The novel Coronavirus, COVID-19, has wreaked havoc on the nation and has had far-reaching effects across the globe. The trail of destruction left in its wake will no doubt have lasting implications on multiple industries for the foreseeable future and none has felt the impact more than the healthcare industry. Doctors, nurses, healthcare professionals, and non-medical related staff remain on the frontlines battling to contain the virus and treat sick patients, even when faced with challenges such as shortage of medical supplies, hospital beds, and protective gear.
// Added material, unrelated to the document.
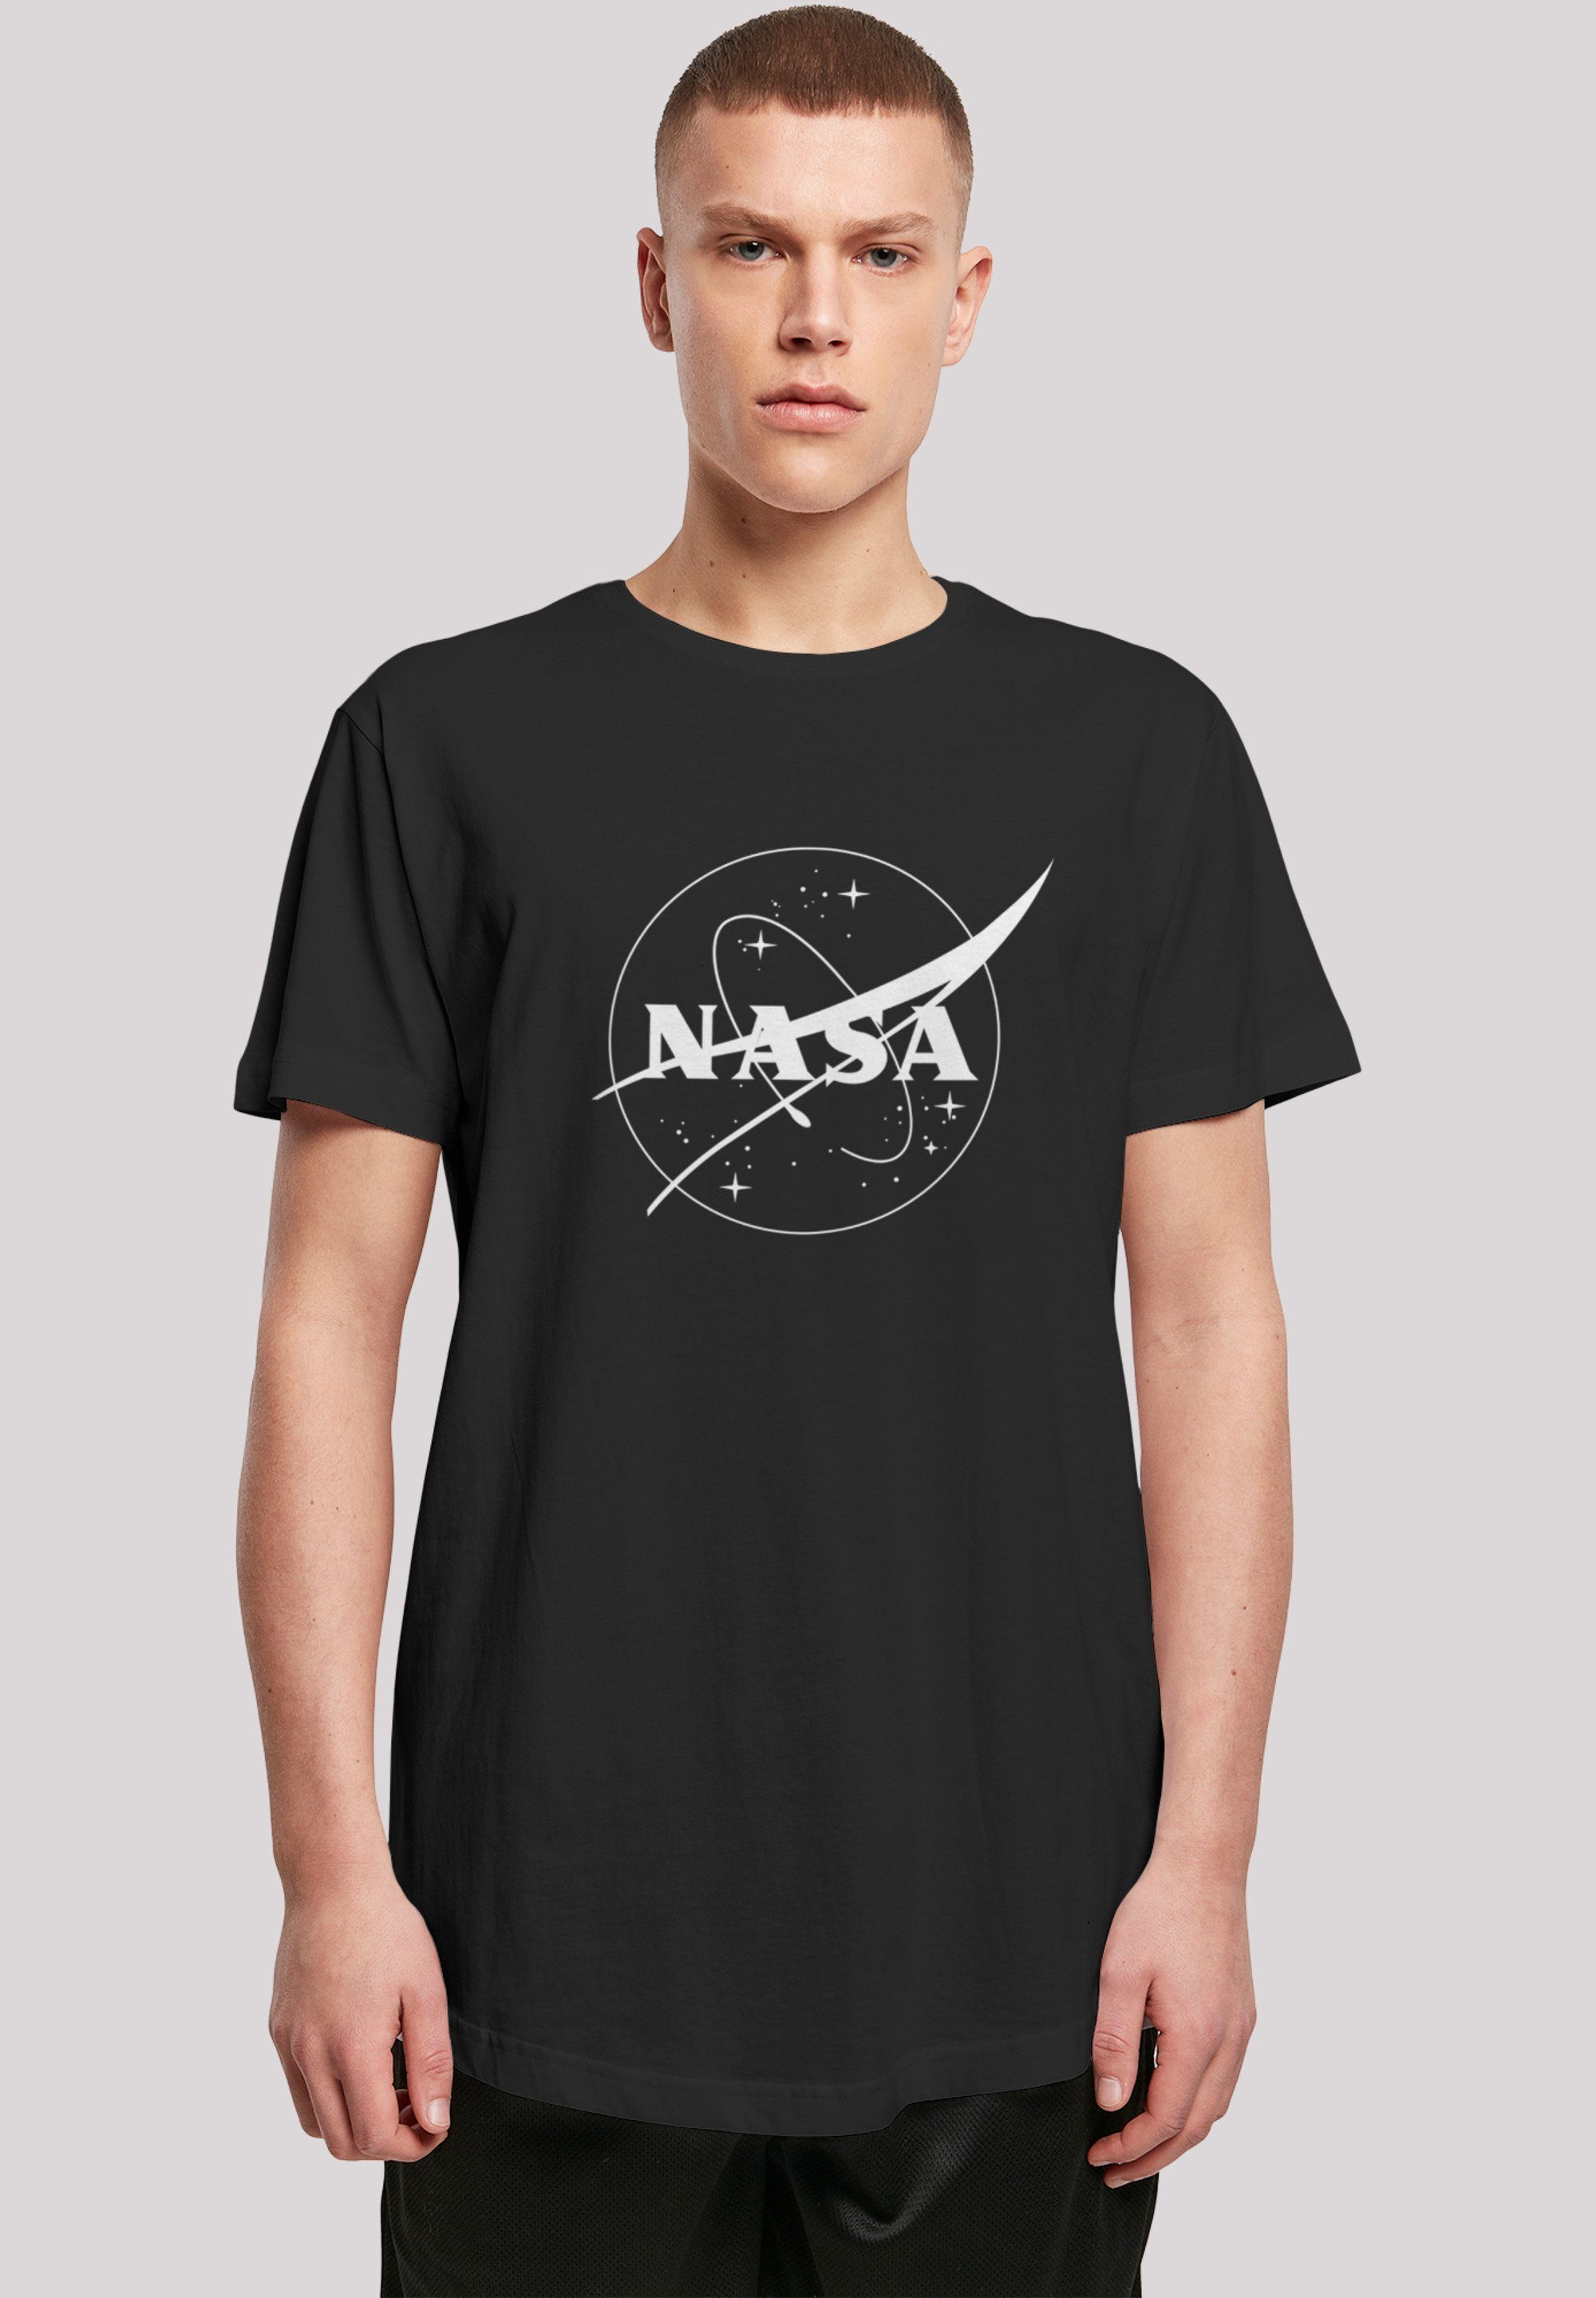 Sehr \'NASA Monochrome\' T-Shirt Cut Long Insignia Tragekomfort F4NT4STIC mit Logo Baumwollstoff Print, Classic T-Shirt hohem weicher

Hospitals find themselves in the unique position of having to maintain the status quo in light of the aforementioned challenges, while also taking action to protect their employees and comply with ever changing state and federal laws regarding COVID-19. A rather devastating but unavoidable reality borne of this is the implementation of strict visitors’ policies. Operating under the guise of compliance and deterrence of the spread of COVID-19, many if not all hospitals have implemented no visitors’ policies, with limited exceptions for certain critically ill patients (usually for those “actively dying,” in hospice care, or “end of life”), hospitalized children, or women in labor.
There is a level of frustration associated with the implementation of restricted visitors’ policies, even when there is an appreciation and understanding of their necessity amid this pandemic. The frustration, confusion, and outrage has arisen as a result of the lack of a designated authority to explain the policy or the exceptions and, even then, there is often no contact information available for that authority. This situation makes it increasingly more difficult for potential visitors to determine whether a loved one falls within an exception to the often-newly implemented visitors’ policies. Additional issues involve incorrect interpretation and application of the applicable authority regarding COVID-19, inconsistent communication of the policies by hospital staff, and a general lack of empathy regarding the effect of the policies.
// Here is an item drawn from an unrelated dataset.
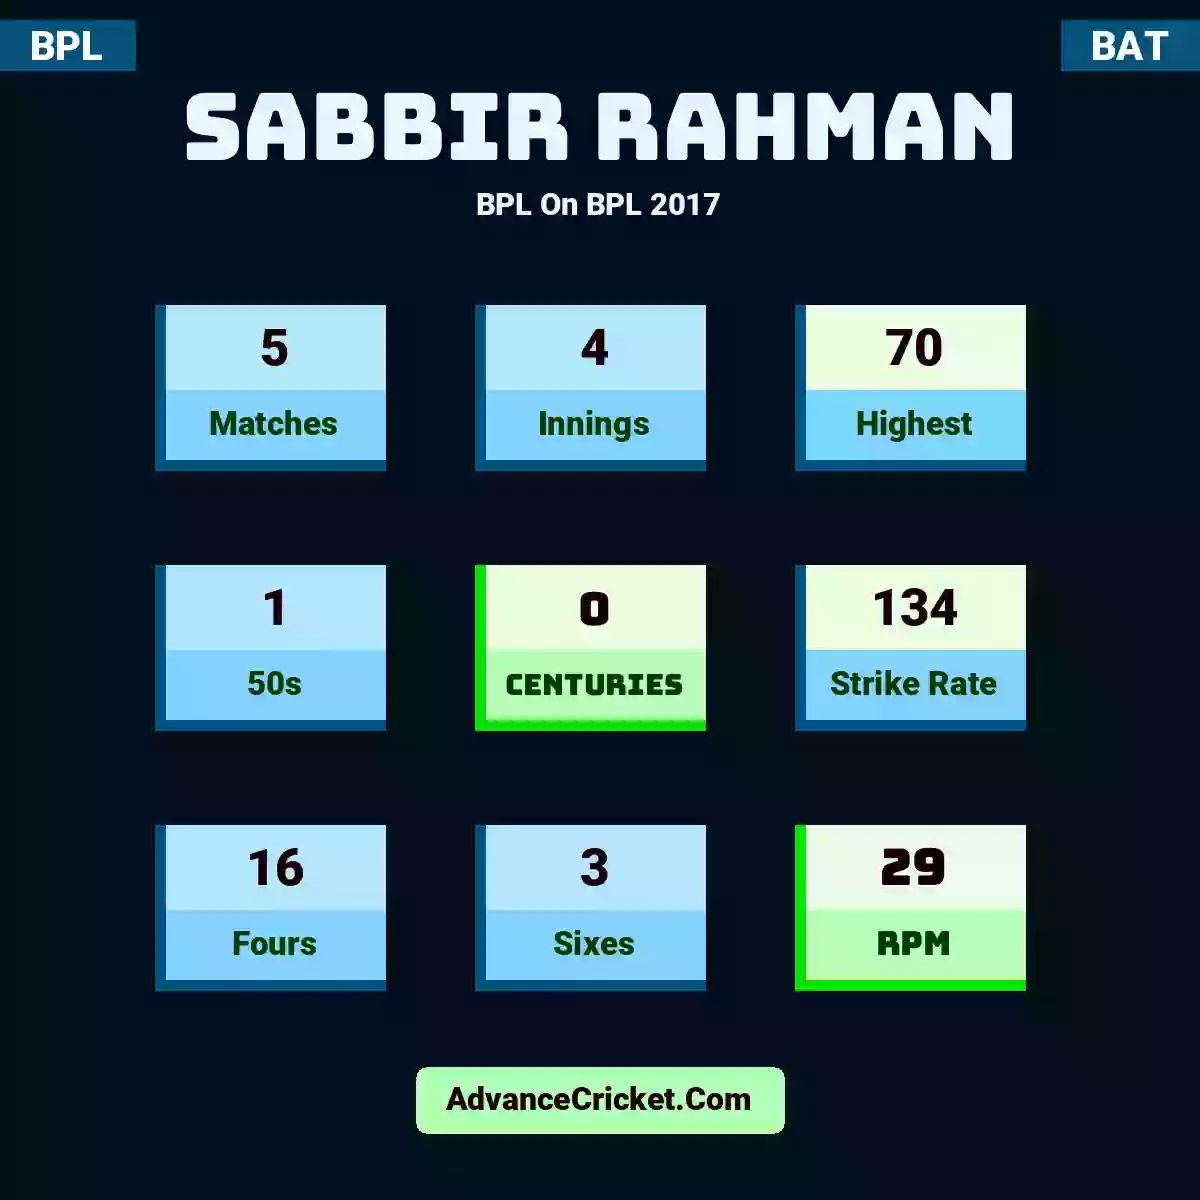 Sabbir Rahman BPL  On BPL 2017, Sabbir Rahman played 5 matches, scored 70 runs as highest, 1 half-centuries, and 0 centuries, with a strike rate of 134. S.Rahman hit 16 fours and 3 sixes, with an RPM of 29.

PATIENTS RIGHT TO VISITATION
Although certainly justifiable amid a pandemic, the effects of restricted visitation policies on the families, friends, and loved ones of hospitalized patients’ is no less devastating. The crippling pain associated with being unable to be with a loved one while they are hospitalized can be unbearable, particularly since visitation is a right mandated by law. Pursuant to the Code of Federal Regulations, visitation rights are guaranteed to hospital patients.
Additionally, both Maryland and Virginia have codified Patients’ Bill of Rights for hospital patients. Maryland explicitly recognizes a patient’s right to visitation, while Virginia does not. As such, denial of these rights can raise complicated legal questions for those affected.
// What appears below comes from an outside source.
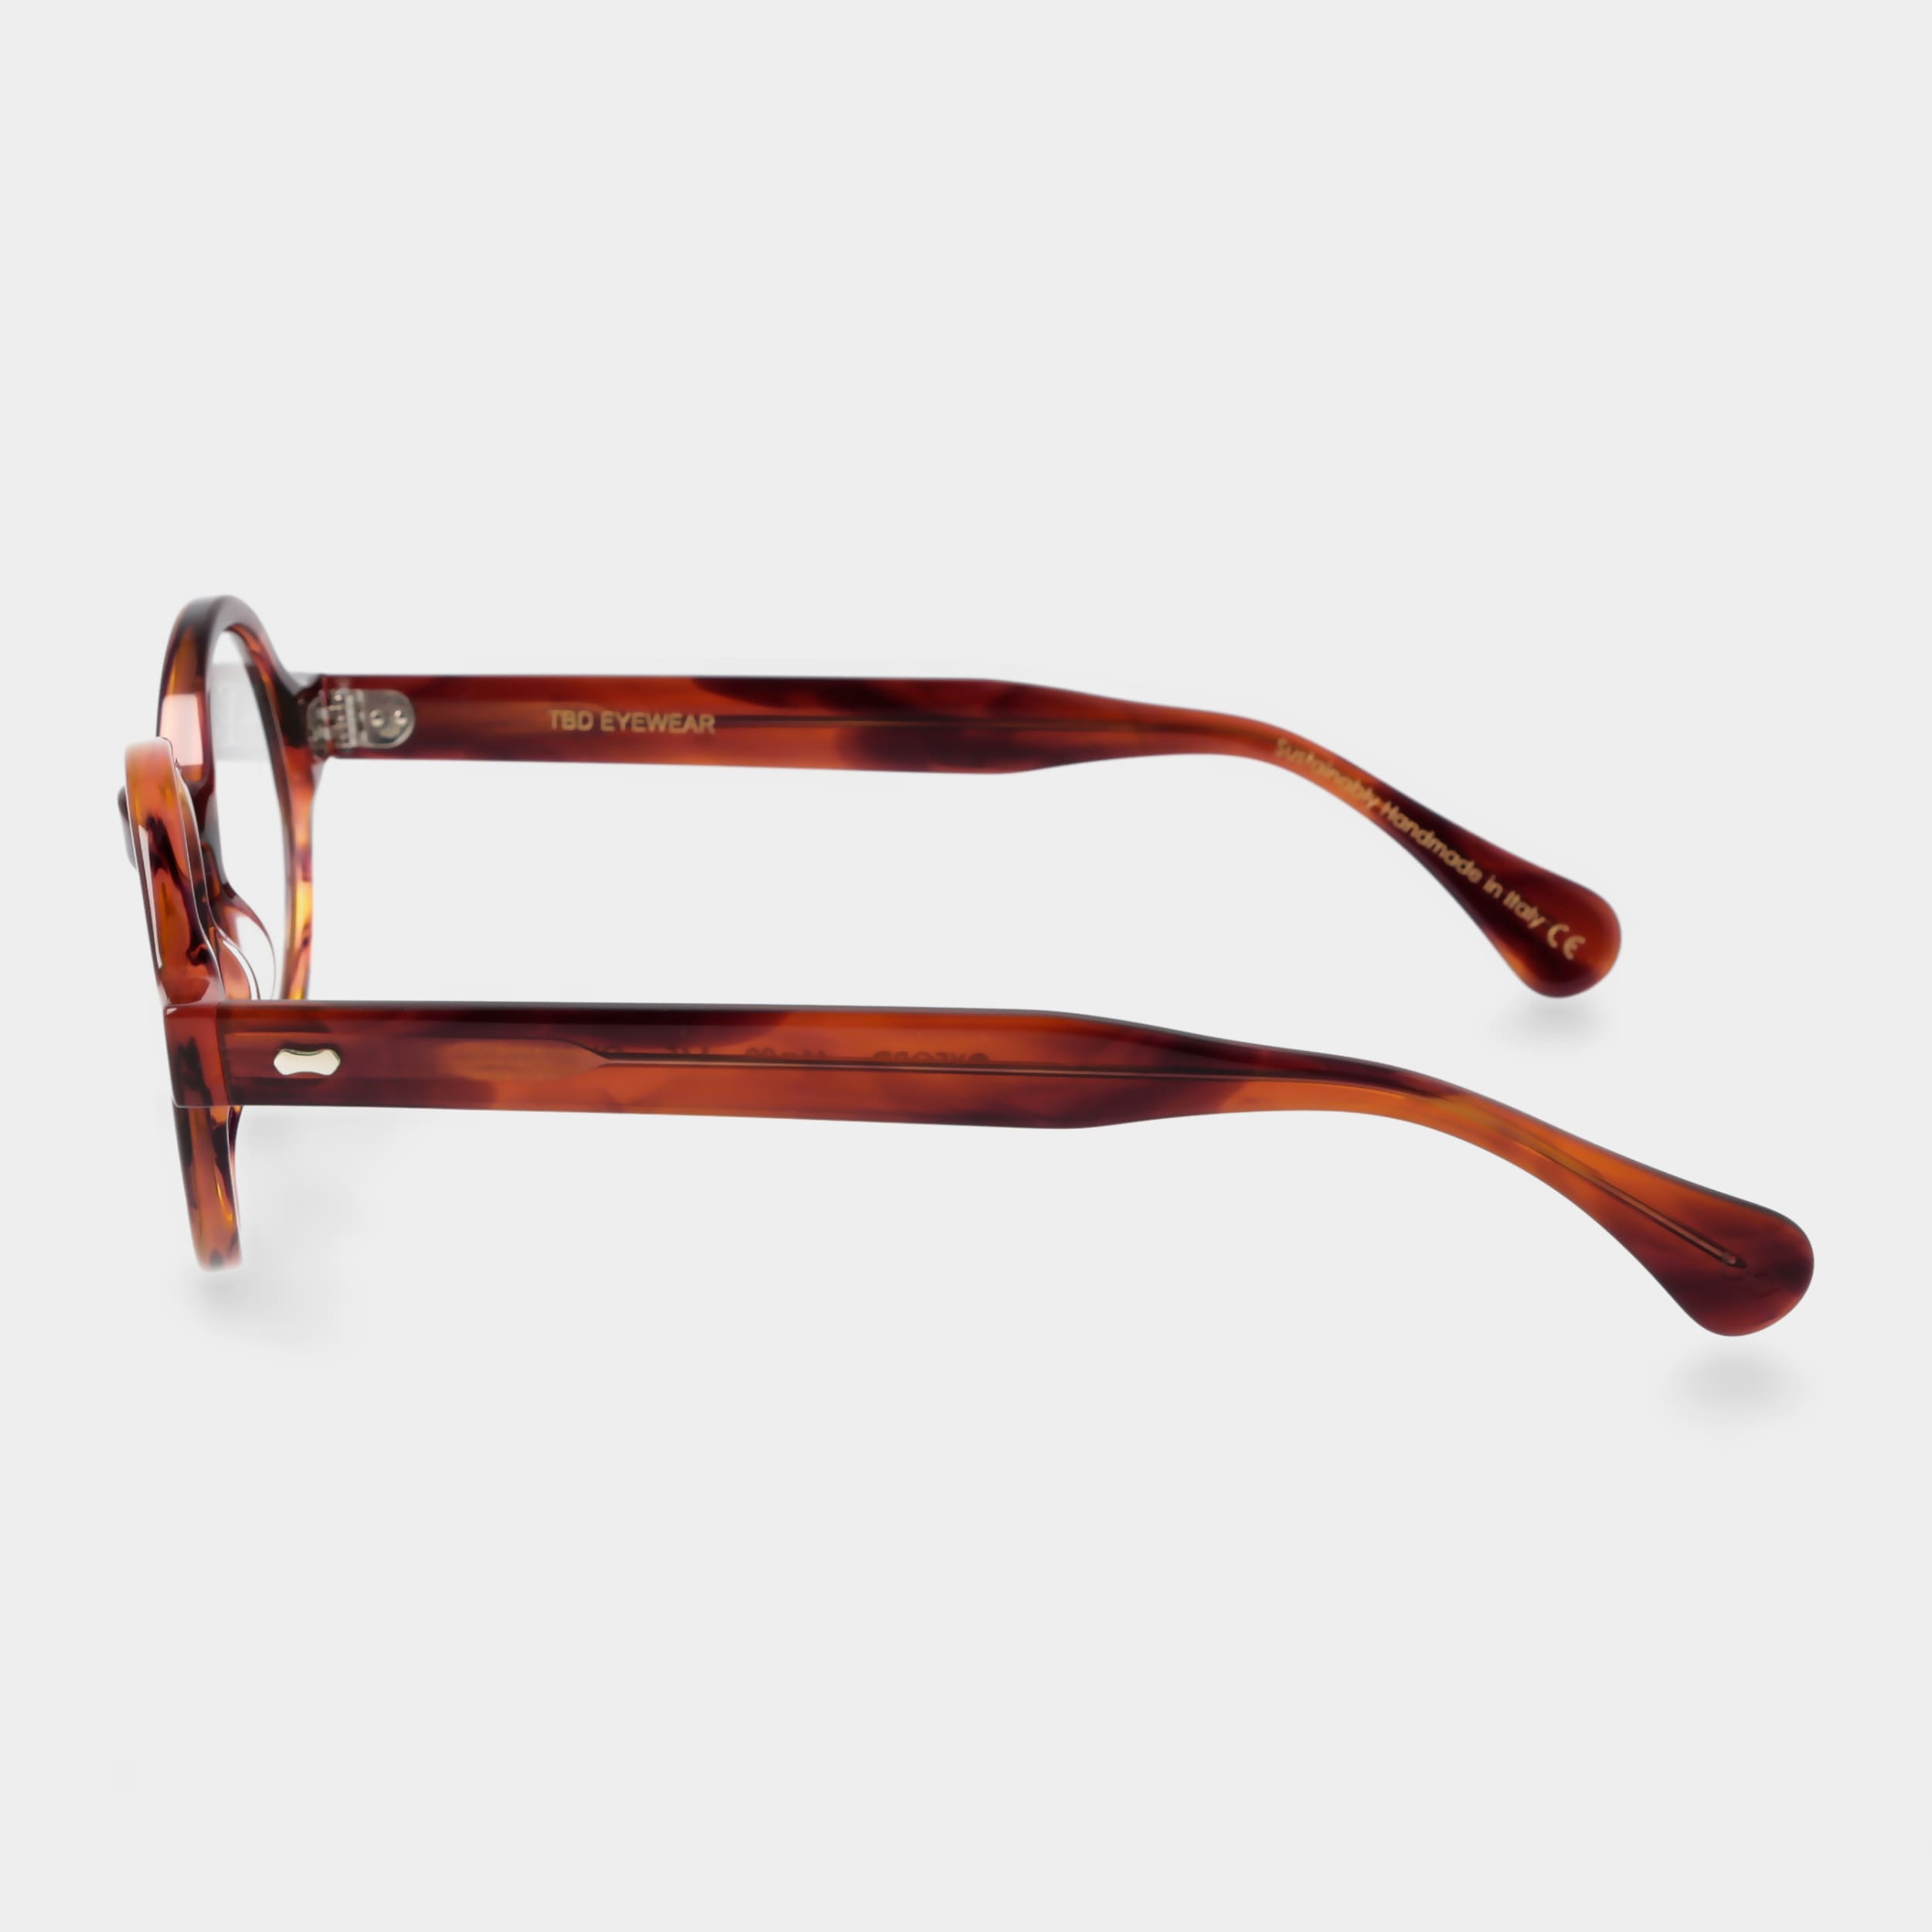 eyeglasses-oxford-havana-optical-tbd-eyewear-lateral

Breach of contract claims in the District of Columbia, Maryland, and Virginia (“DMV”) require 1) the existence of a contract between the parties, 2) an obligation or duty arising out of that contract, 3) breach of that duty or obligation, and 4) damages sustained by the non-breaching party.
Prior to and upon admission to a hospital, whether under emergency circumstances or otherwise, patients may be required to sign an admission agreement, which, among other things, may outline the patients’ rights regarding treatment, financial obligations to the hospital, and any visitation policies. Claimants have filed suit based on hospital admissions agreements to enforce financial obligations of a patient to the hospital, arbitration provisions, quality of care provisions, and forum selection clauses. Consequently, a hospital admissions agreement could also potentially be used as a mechanism for enforcing patient visitation rights. To the extent a hospital admissions agreement contains clauses which allow for and/or guarantee patients’ visitation rights, this may potentially be used as a basis for a breach of contract claim if those rights are refused or denied. By contrast however, the admissions agreement may also contain clauses which allow for the hospital to retain the right to prevent and/or restrict visitation in the event of an emergency or other medically necessary circumstances.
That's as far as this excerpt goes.